Buying the right insurance provides more than just a safety net, it can actually help your company minimize its operating costs. Here’s why: uncontrolled risk often goes hand-in-hand with problems in how the company is operating. But before you buy insurance, your company must have a firm grasp of the varying degrees of risks it carries. Here’s a step-by-step process you can use to assess risk.
1. Define Risk as It Relates to Your Company
The first step in the process involves the creation of a common definition of risk. Start with a simple definition, such as the “possibility of harm, damage or financial loss” and ask stakeholders for their input.
2. Identify the Types of Risk You Face
Next, conduct a brainstorming session to develop a list of the specific risks that your company faces. Some companies find it helpful to group risk according to type, such as employee-related or customer-related risks. Don’t forget to capture risks that are outside of your control such as those related to natural disasters or man-made events such as terrorist attacks.
3. Assign Ownership for Each Risk
With the risk inventory in-hand, identify who within your company “owns” each risk (you’ll need their help later in assessing the potential impact on the company’s operations). Depending on the size and complexity of your company’s operations, it may make sense to assign a risk to multiple owners. For example, a data breach would affect numerous areas of the company, and therefore justifies involving multiple stakeholders.
4. Assess Your Existing Risk Controls
Identify existing controls your company has in place to manage each risk it identified in the brainstorming session. While it’s tempting to skip this step, companies often uncover control gaps during this process. Alternatively, some companies find that they have too many controls in place.
5. Determine Likelihood That a Risk Generates a Loss
With a detailed understanding of your company’s control environment, ask the owners of each risk to assess its likelihood and potential impact. Once you’ve completed this step, you’ll have an analysis that paints a picture of the risk that your company faces, the likelihood it will trigger a loss, the steps you’ve taken to mitigate that risk and the amount of risk that remains.
6. Determine the Risks You Need to Insure
You have four options at your disposal to manage your risk. You can take steps to avoid the activity that created the risk, or reduce the risk by adopting additional internal controls. You can also decide to accept the risk as part of doing business. The final option, the transferring of risk to another party, is where insurance comes in.
Managing Risk With Insurance
Here’s a list of the type of insurance products that businesses use to transfer risk and limit their financial and nonfinancial losses.

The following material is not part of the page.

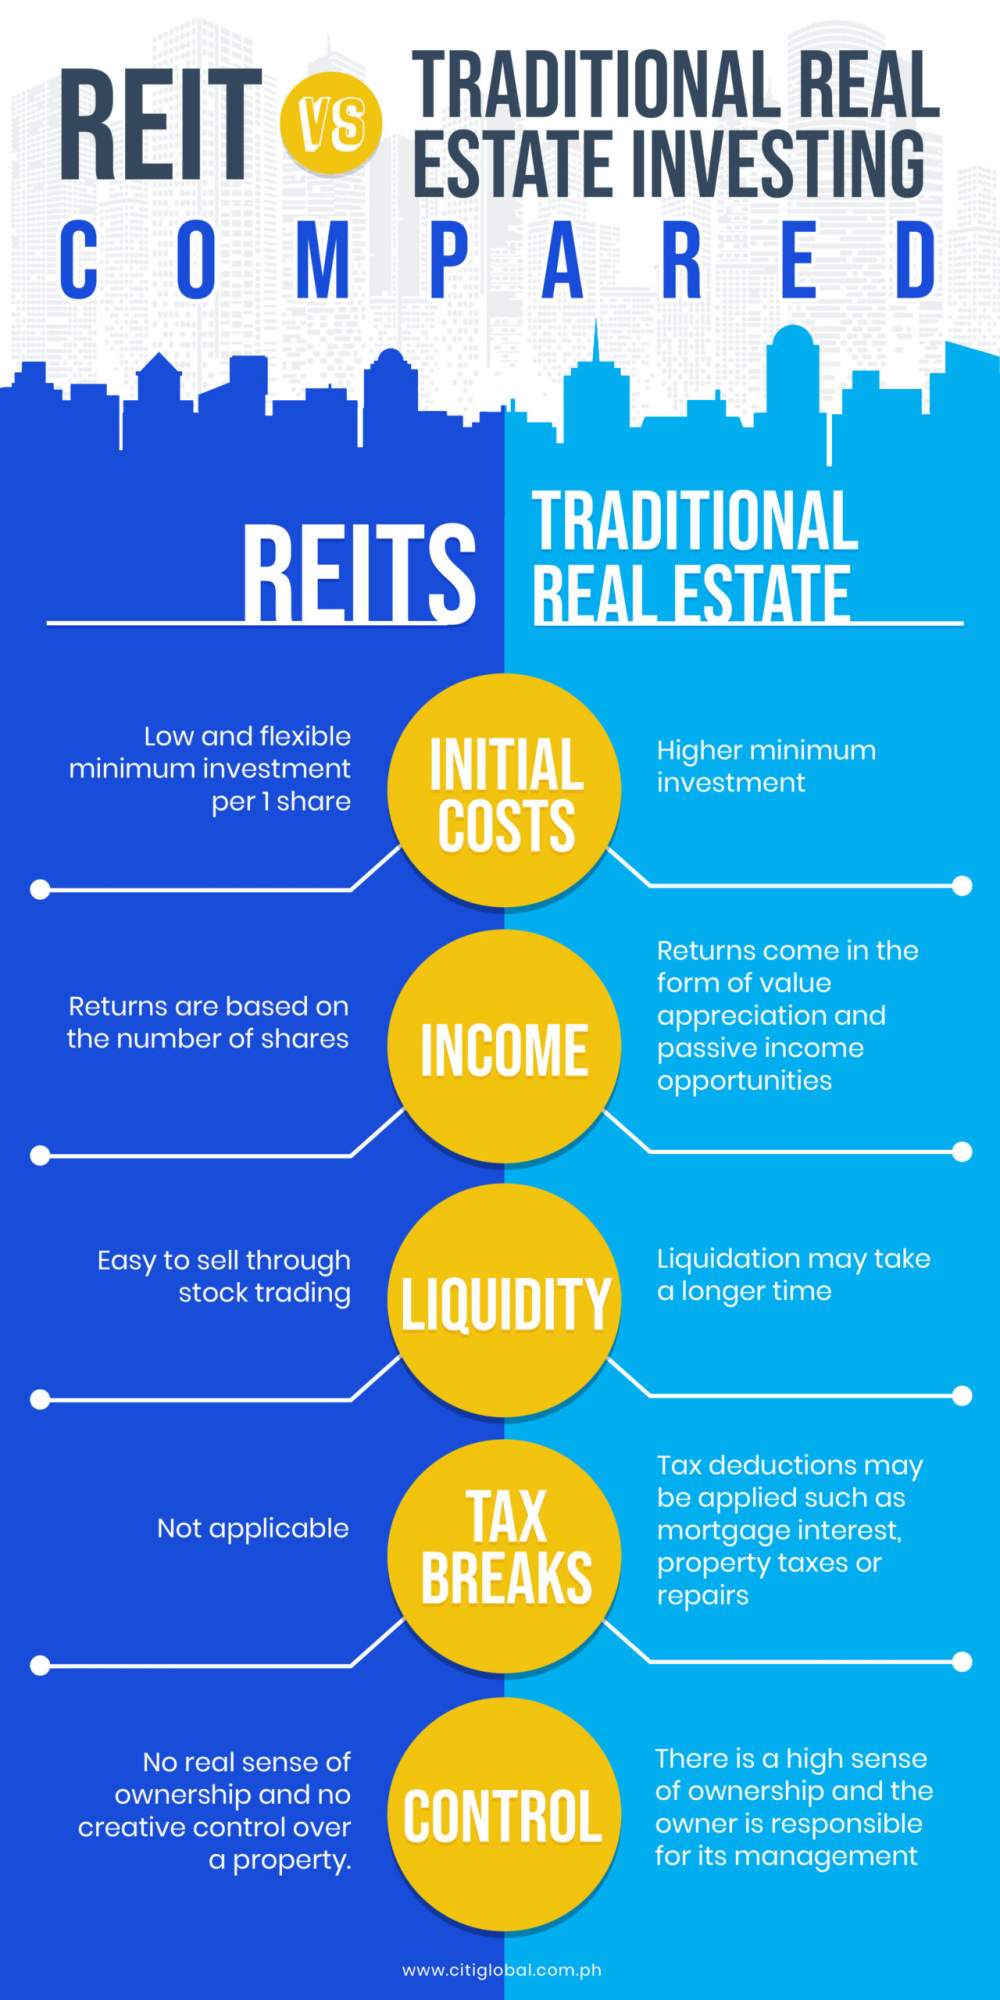 REIT Investment in the Philippines

- General liability insurance: Protects your company against a broad range of losses including claims involving bodily injury, property damage and lawsuits
- Property insurance: Covers property used by your business against loss or damage
- Errors and omission insurance: When a client sues alleging some form of negligence, E&O insurance pays the legal expenses and judgments, up to the policy limit (often used by companies that offer advice such as accountants, lawyers and engineers)
- Directors and officers insurance: Protects directors and officers if sued for their role in managing or governing a company
- Worker’s compensation: Replaces a portion of lost wages for an employee who is injured on the job
- Cyberinsurance: Protects against internet-related risks such as data theft, or loss, as well extortion and hacking
- Business interruption insurance: Covers the losses that result when a business stops operating due to a fire, a man-made or natural disaster
- Umbrella insurance: Provides additional liability coverage above the stated policy limits in other insurance policies
Some insurance companies streamline the buying process by packaging insurance policies in a bundle. In general, bundled insurance policies cost less than buying individual policies; however, you should make sure that the package includes all of the insurance coverage you need to minimize your risk.
Knowing when it makes sense to avoid, reduce, accept or transfer a risk depends on your company’s ability to identify and assess the degree of risk it faces. It also depends on your company’s tolerance for risk. Some companies embrace risk, while others make every effort to minimize it. When purchased following an in-depth risk assessment, insurance allows your company to make intelligent decisions about how to manage business risk in all its forms.